Etiquette with Community Members
Discretion: Just as you shouldn't discuss budget cuts or layoffs with parents, you shouldn’t discuss them with random community members either. If you get questions at school functions such as science fairs or sports days, refer people to your administrators or the appropriate parties. Stay away from anything that you can't disclose and keep topics in a positive light whenever possible. Role model: As a teacher in the community, it's important to maintain a public image as a good role model for your students. This means making smart choices when you're in community places where you may run into students and staff (grocery store, library, etc. ) and in public forums online such as Facebook. If you go out of town or a party, don't post a lot of drunk pictures of yourself on Facebook the next week.
Etiquette with Students
Appropriate relationships: Your students are not your friends. They are also not your own kids. Kids are looking for a positive teacher role model. You need to fill that role the best that you can and not try to be something that you shouldn't be for them. Handling student issues: Ensure you are able to manage self control with discipline problems. Yelling, hitting, punishing – all of these compromise your dignity in the classroom. Not only does the offending child feel he has won the battle, the other kids in the class are observing as well. Maintain appropriate distance from students, do not get casual with them, and do not touch them without reason.
Topics and language: Just as you keep your topics and language with other teachers and staff members appropriate in front of students, you'll keep them appropriate when you're on your own with your students, too. Do not disclose personal events and activities or share photographs with students, or talk about your problems or about any other teachers.

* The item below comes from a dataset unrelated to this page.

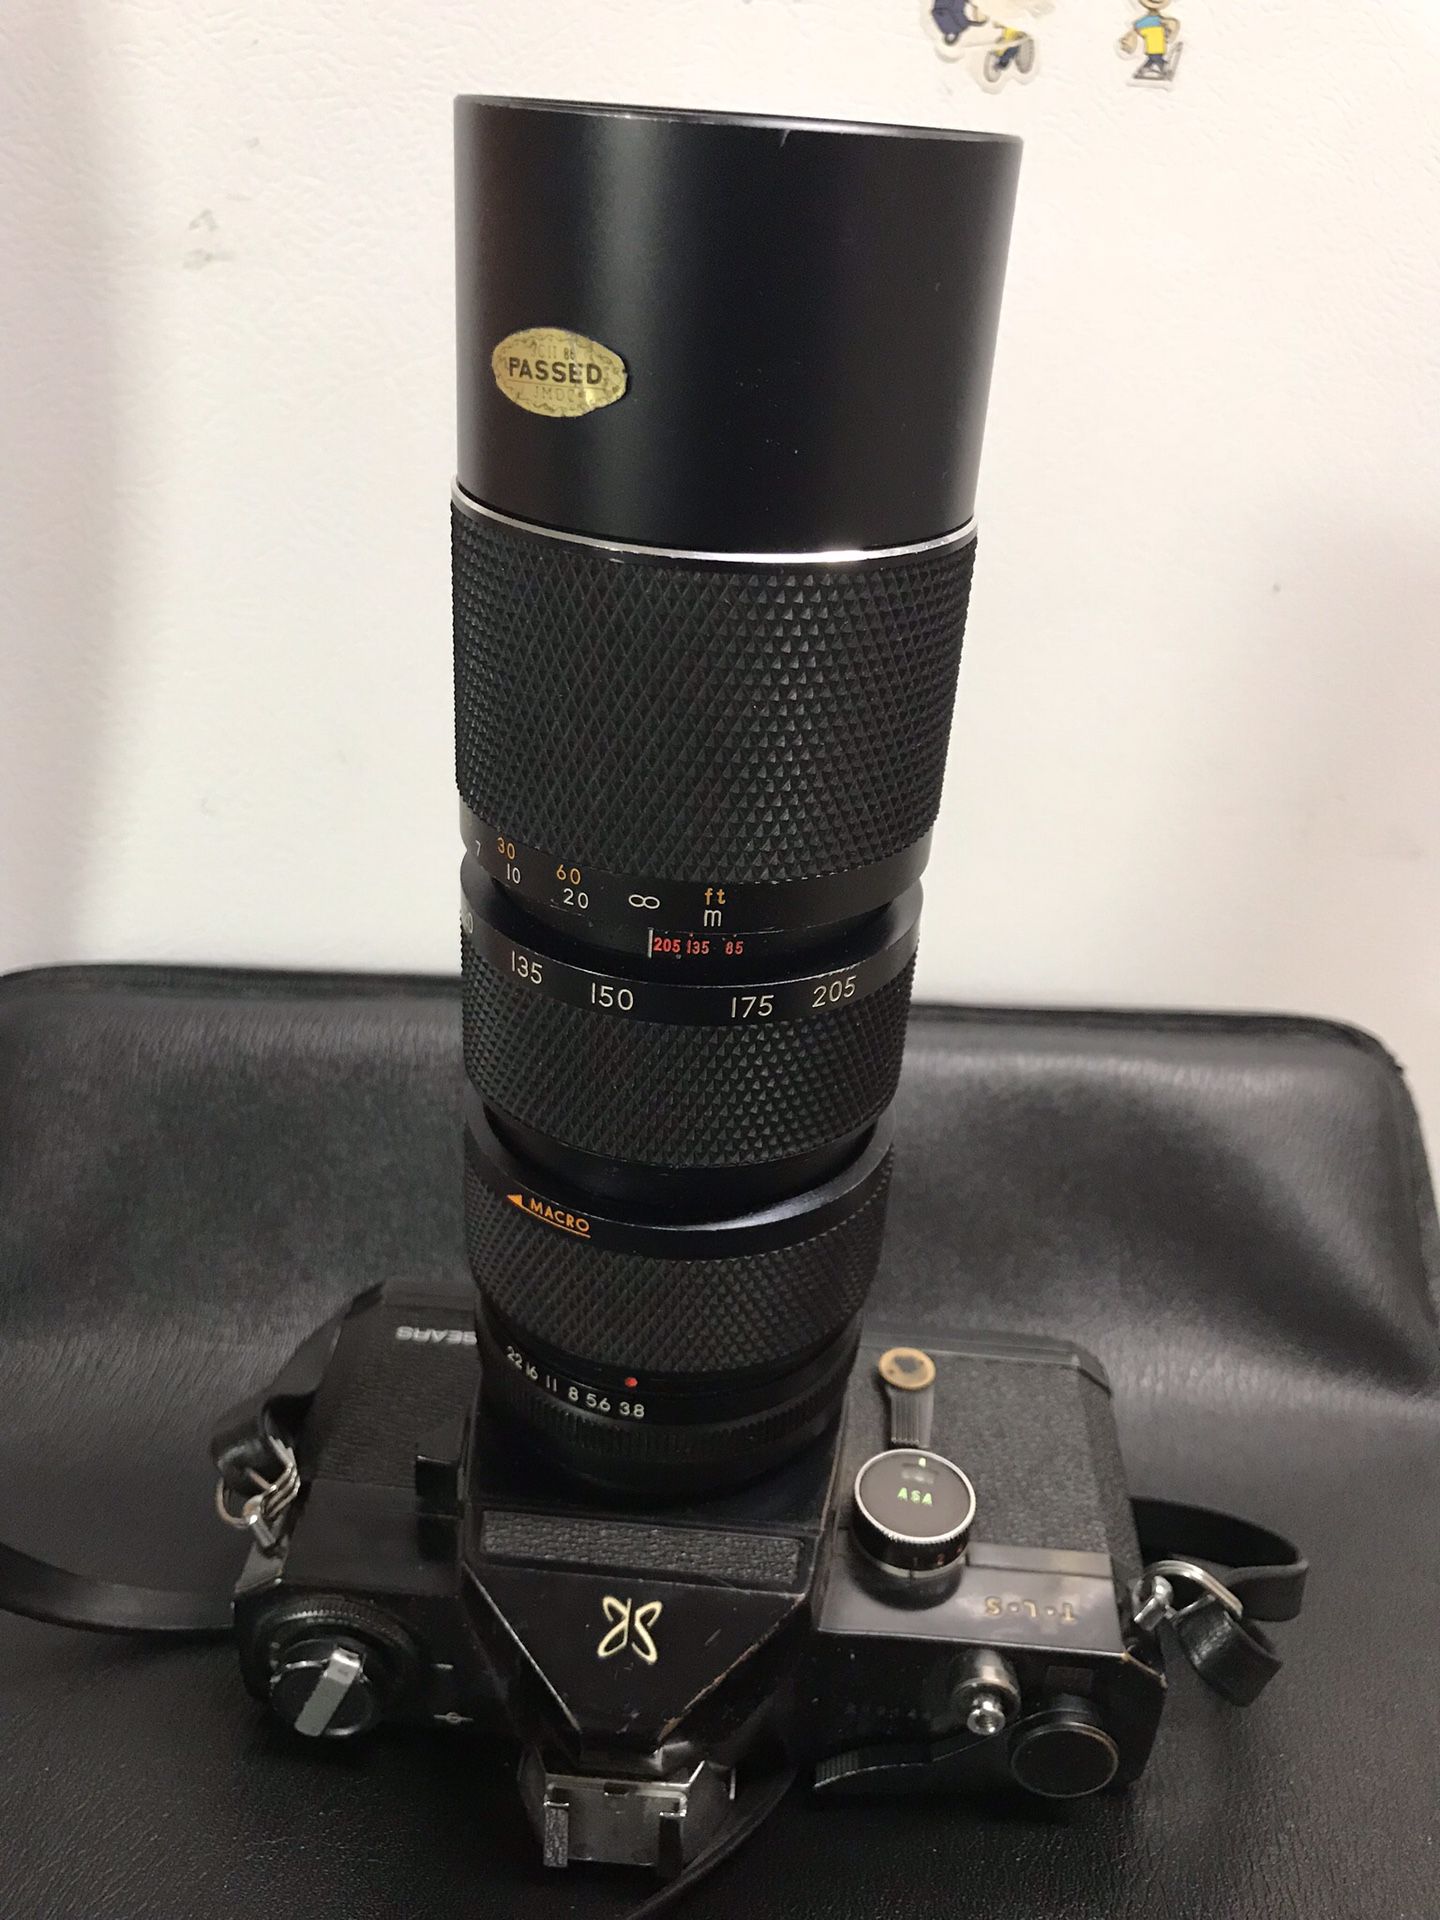 Sears TLS Film Camera & 85mm-205mm Lens

Always act with care and dignity with students – they will find it easier to respect you. Respect: All students deserve to be treated with the same respect that you give adults. Take the time to hear their feelings and opinions. Even a few minutes may make a world of difference for that student. Ensure students don’t feel ignored, discriminated or victimized by any word or action of
Sharing personal information: It is not appropriate to share social media information or other personal contact information with students. Do not take photos with students on school trips etc and post them on your FB page. Do not accept ‘friend’ requests from them or comment on their photos or create whatsapp groups (without permission). Do not meet students in social places or call them to your house for any reason. Students are prone to want to contact their teachers, it is best that you are able to decline without causing hurt. Keep all your interaction with students official!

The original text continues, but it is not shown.